Warning: More than 40000 tasks are pending submission to actor 89c8f50530c69a01126ca2cf10000000. To reduce memory usage, wait for these tasks to finish before sending more.
Warning: More than 5000 tasks are pending submission to actor 89c8f50530c69a01126ca2cf10000000. To reduce memory usage, wait for these tasks to finish before sending more.
Warning: More than 20000 tasks are pending submission to actor 89c8f50530c69a01126ca2cf10000000. To reduce memory usage, wait for these tasks to finish before sending more.

This is an event log from core worker of this Actor.

16351Global stats: 1172898 total (7 active)
16352Queueing time: mean = 166.327 us, max = 834.979 ms, min = -0.000 s, total = 195.085 s
16353Execution time: mean = 90.791 us, total = 106.489 s
16354Event stats:
16355 CoreWorkerService.grpc_server.PushTask - 881397 total (0 active), CPU time: mean = 34.850 us, total = 30.716 s
16356 UNKNOWN - 91338 total (4 active, 1 running), CPU time: mean = 32.571 us, total = 2.975 s
16357 GcsClient.deadline_timer.check_gcs_service_address - 44555 total (1 active), CPU time: mean = 4.877 us, total = 217.292 ms
16358 NodeManagerService.grpc_client.ReportWorkerBacklog - 44554 total (0 active), CPU time: mean = 5.782 us, total = 257.631 ms
16359 CoreWorker.deadline_timer.flush_profiling_events - 44554 total (1 active), CPU time: mean = 323.688 us, total = 14.422 s
16360 StatsGcsService.grpc_client.AddProfileData - 44458 total (0 active), CPU time: mean = 54.349 us, total = 2.416 s
16361 CoreWorkerService.grpc_server.GetCoreWorkerStats - 20805 total (0 active), CPU time: mean = 58.701 us, total = 1.221 s
16362 InternalPubSubGcsService.grpc_client.GcsSubscriberPoll - 1154 total (1 active), CPU time: mean = 73.683 us, total = 85.030 ms
16363 CoreWorkerService.grpc_server.LocalGC - 74 total (0 active), CPU time: mean = 732.136 ms, total = 54.178 s
16364 PeriodicalRunner.RunFnPeriodically - 6 total (0 active), CPU time: mean = 28.214 us, total = 169.285 us
16365 InternalPubSubGcsService.grpc_client.GcsSubscriberCommandBatch - 1 total (0 active), CPU time: mean = 108.990 us, total = 108.990 us
16366 NodeInfoGcsService.grpc_client.GetAllNodeInfo - 1 total (0 active), CPU time: mean = 34.077 us, total = 34.077 us
16367 WorkerInfoGcsService.grpc_client.AddWorkerInfo - 1 total (0 active), CPU time: mean = 5.242 us, total = 5.242 us

is there a way to check what are these tasks and why they wait for the submission?

Hmm this is pretty interesting actually.

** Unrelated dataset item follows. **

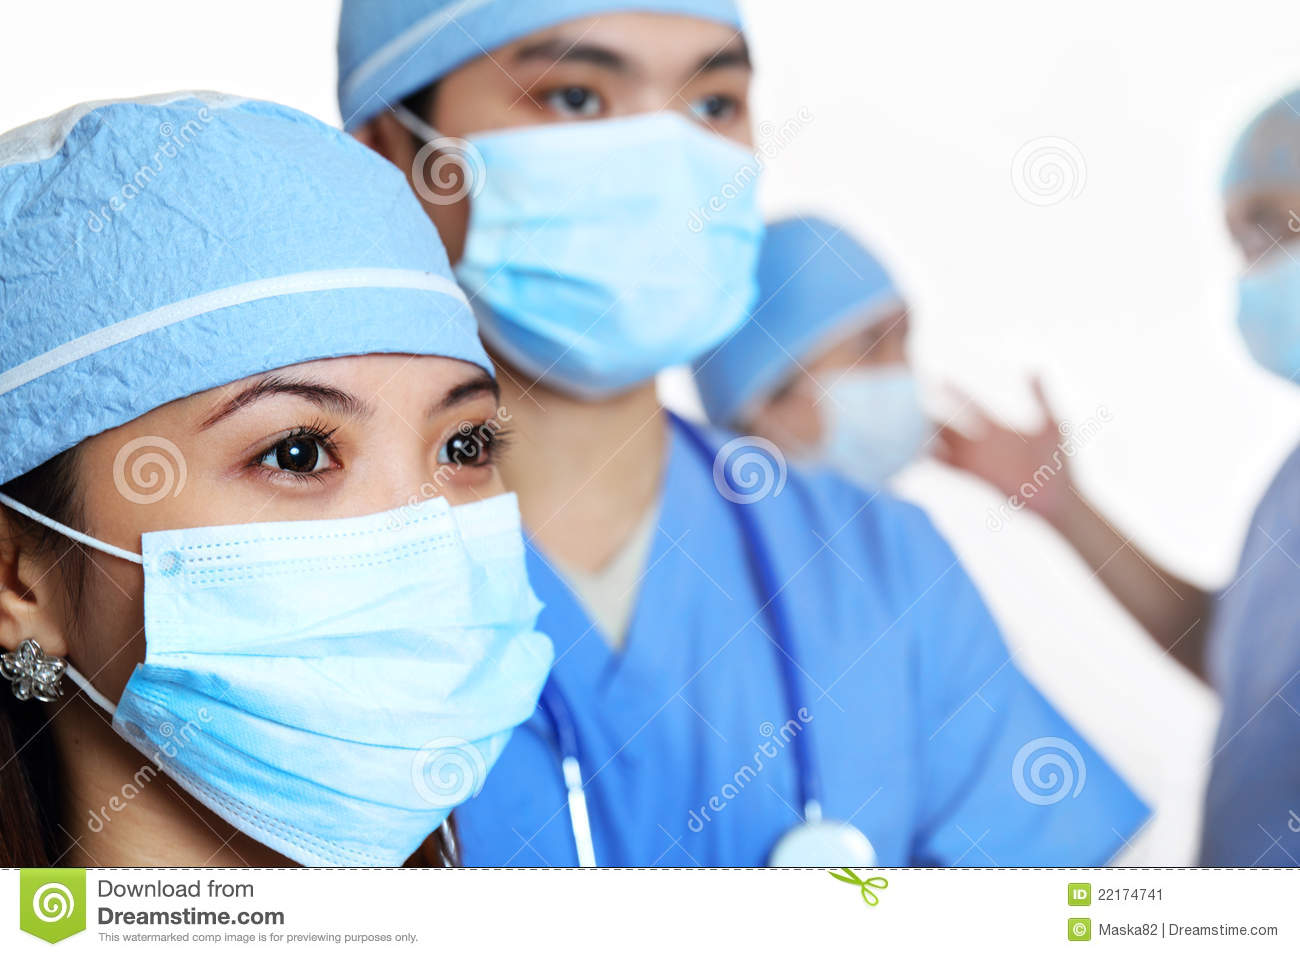 Health Workers Stock Image   Image  22174741

I heard from other users about this issue as well.

I think if you turn on debug logs, you can see this log;

  RAY_LOG(DEBUG) << "Pushing task " << task_id << " to actor " << actor_id
                 << " actor counter " << actor_counter << " seq no "
                 << request->sequence_number() << " num queued " << num_queued;

Are you seeing a lot of this?

Also, is it possible to share your script?